Filmkritik zu “Am Sonntag bist du tot”: Brendan Gleeson und der schwarze Humor

Filmkritik zu “Am Sonntag bist du tot”: Brendan Gleeson und der schwarze Humor

2. März 2015 0 Von chill-mit-film.de

[dropcap]B[/dropcap]rendan Gleeson hat momentan einen sehr guten Lauf und bringt stets hochlobende Filme raus, auch mit “Am Sonntag bist du tot” (Verkaufsstart: 24. März 2015). Der Film stammt von “The Guard – Ein Ire sieht schwarz”-Regisseur John Michael McDonagh.

“Am Sonntag bist du tot” handelt vom Dorfpriester James Lavelle (Brendan Gleeson), der stets nur Gutes und allen in jeder schweren Zeit helfen möchte. Doch eines Tages wird er von einem Geistlichen während der Beichte bedroht. Dieser will den Priester am kommenden Sonntag töten, weil James Lavelle unschuldig ist, jedoch als Stellvertreter für einen anderen katholischen Priester geradestehen muss. Bis Sonntag hat James Lavelle Zeit, um seine Probleme, wenn er denn welche hat, zu bereinigen. Doch dabei stellt er fest, dass in seinem Dorf jede Menge Hass und Streitlust existiert. Obendrein bekommt er Besuch von seiner Tochter (Kelly Reilly), die an einer Depression leidet. Nach all dem fragt sich Lavelle, ob man die Menschen von ihren Sünden wirklich heilen kann, ob der Glaube an Gott jeden Menschen verlassen hat und ob der Tod vielleicht doch eine Erlösung von all dem Leid ist…

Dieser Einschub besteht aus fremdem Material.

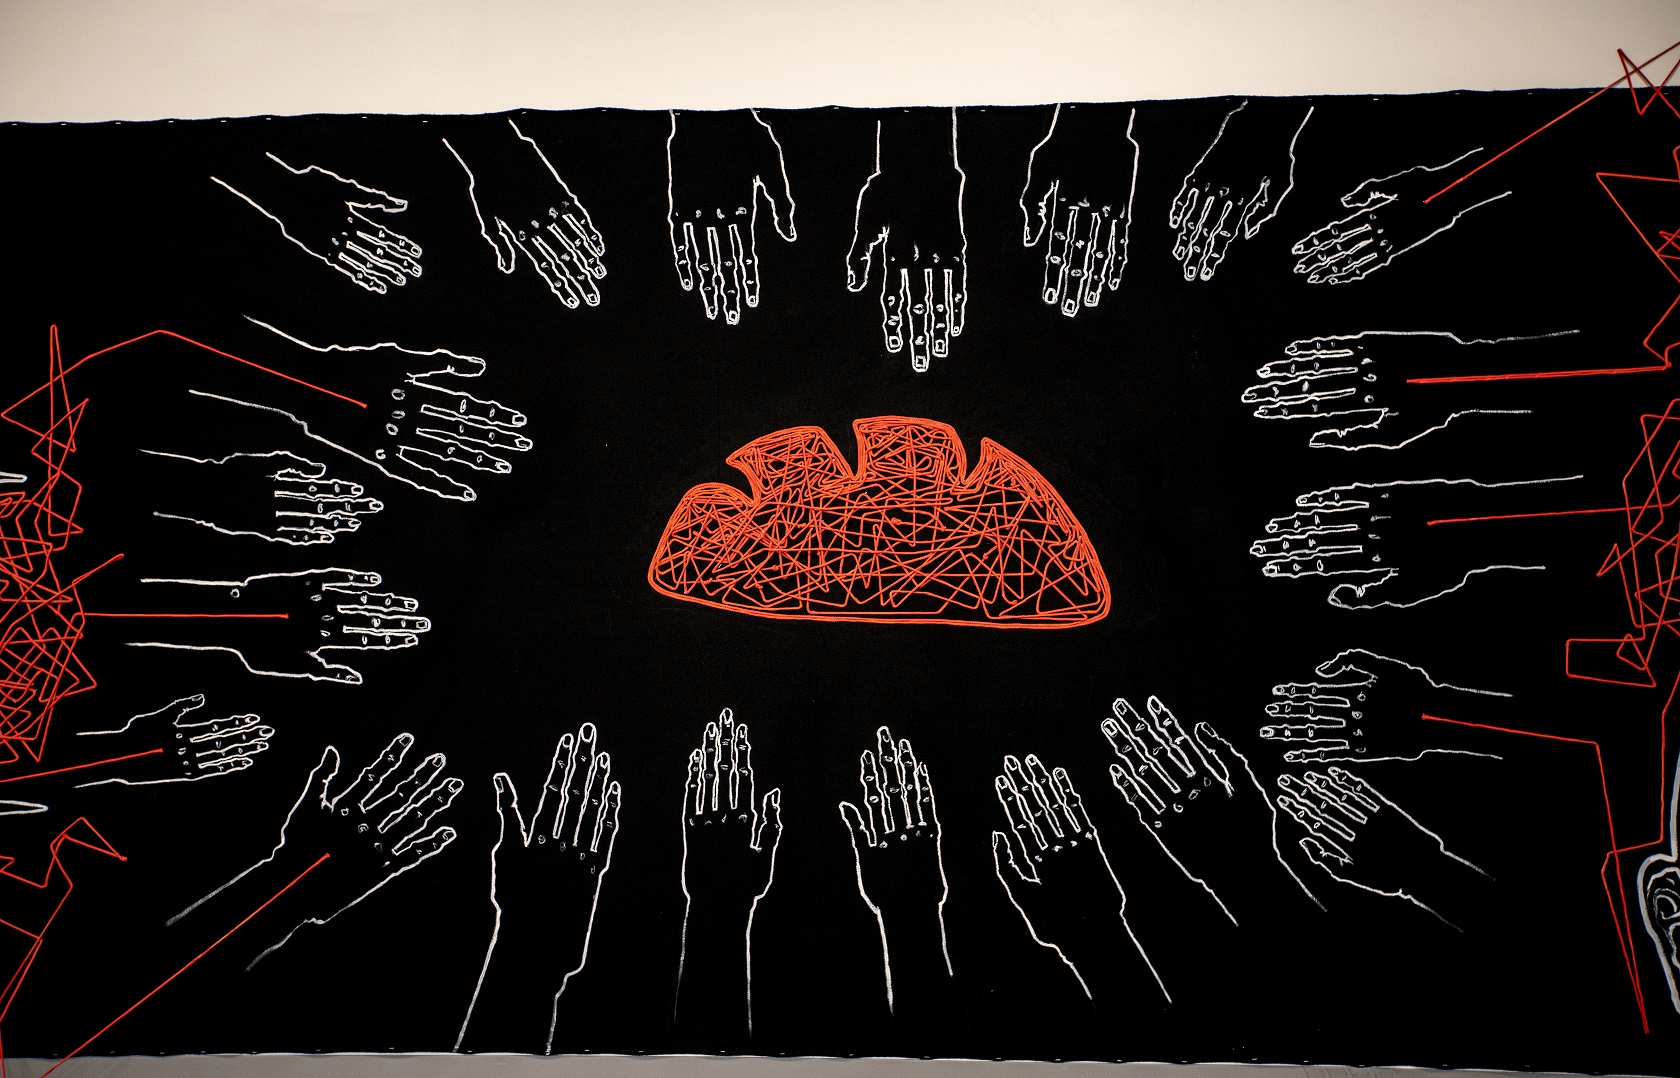 Black canvas stretching over 20 meters with white paintings and red lines. Lots of hands reaching for a loaf of bread.

Am Sonntag bist du tot, © ASCOT ELITE Home Entertainment GmbH

Am Sonntag bist du tot, © ASCOT ELITE Home Entertainment GmbH

Neben dem dreifachen Golden Globe-Nominee Brendan Gleeson brillieren im Cast auch Chris O’Dowd (“The Sapphires”, “Cuban Fury – Echte Männer tanzen”), Aidan Gillen (“Game of Thrones – Das Lied von Eis und Feuer”), Dylan Moran (“Shaun of the Dead”) sowie Kelly Reilly (“A Single Shot”) und Domhnall Gleeson (“Alles eine Frage der Zeit”).

“Am Sonntag bist du tot” wird zwar als eine schwarze Komödie angepriesen, präsentiert sich jedoch nur teilweise als solches Genre. Der Film beginnt mit einer tragisch-schwarzen-Komödie, die sich jedoch mit der Zeit zu einem ernsten Drama wandelt und sogar in einigen Stellen ziemlich melancholisch wirkt, mit einem Hauch von Depression, was einen beklemmenden und düsteren Eindruck hinterlässt.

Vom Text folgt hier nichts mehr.